How you deploy them depends on your environment. In Kubernetes, that typically means a Deployment scaled by load rather than node count. In a VM-based setup, two or more collector processes behind a hardware or software load balancer works just as well. The important thing is that the gateway tier scales horizontally based on traffic, not based on how many hosts you have.

Two to four instances is a reasonable starting point for a deployment handling roughly 1,000 to 5,000 spans per second across 20 to 50 services.
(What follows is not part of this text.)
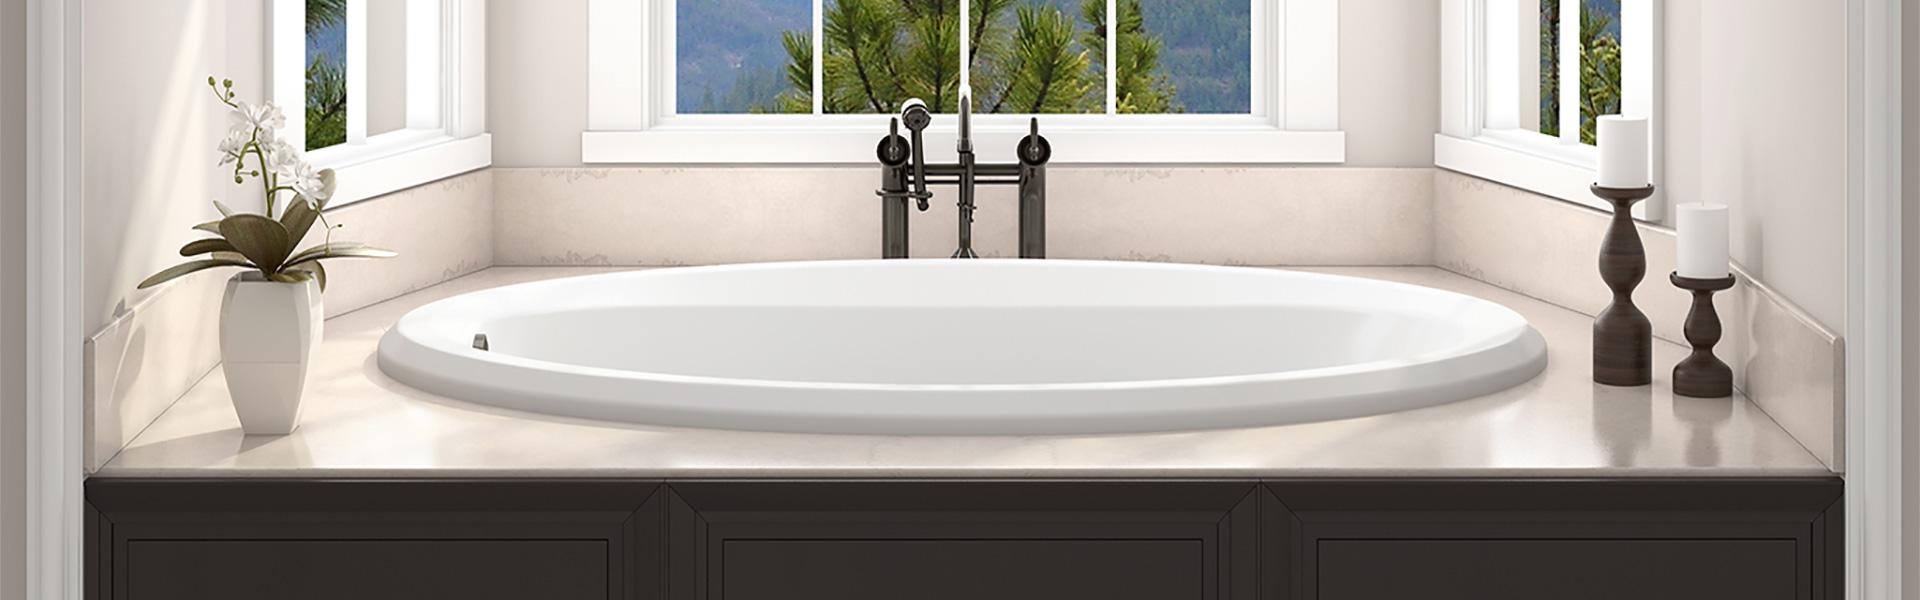 1920x600-jacuzzi-whirlpool-signature-bath - JJ Pool & Spa

Beyond that, sizing should be driven primarily by your tail-based sampling configuration — specifically the decision_wait window and the num_traces value — which determine how much trace state each gateway must hold in memory.

Load Balancing: The Subtle Trap with Tail-Based Sampling

If you are using tail-based sampling and running multiple gateway collector instances, standard round-robin load balancing will silently break your sampling decisions. Tail-based sampling works by collecting all spans for a given trace and then making a single keep-or-drop decision once the trace is complete. With round-robin, spans for the same trace end up scattered across different collector instances. Each instance only sees a fragment, so no instance ever has enough context to make a valid decision.

The symptom is traces that look complete but are not. You will see traces that hit your sampling rate but are missing spans from certain services, because those spans went to a different collector instance that independently decided to drop its fragment. This is one of the harder things to debug because the data loss is structured rather than random.

The solution is trace-aware load balancing, where spans are routed to gateway instances based on their trace ID. The OTel Collector has a loadbalancing exporter built for exactly this. It consistently hashes trace IDs to the same downstream collector, which means all spans for a given trace always end up in the same place regardless of which agent they came from.

LOAD BALANCING EXPORTER CONFIG — AGENT TIER
exporters:
  loadbalancing:
    routing_key: "traceID"   # hash by trace ID, not round-robin
    resolver:
      k8s:                    # auto-discover gateway pods via DNS
        service: "otel-gateway"
        ports: [4317]
    protocol:
      otlp:
        timeout: 1s
        sending_queue:
          enabled: true
          queue_size: 1000
The k8s resolver watches the gateway headless service and automatically updates routing when pods scale up or down.

Gateway restarts or scale-in events can occasionally produce incomplete traces.  See OTel Collector scaling documentation for details.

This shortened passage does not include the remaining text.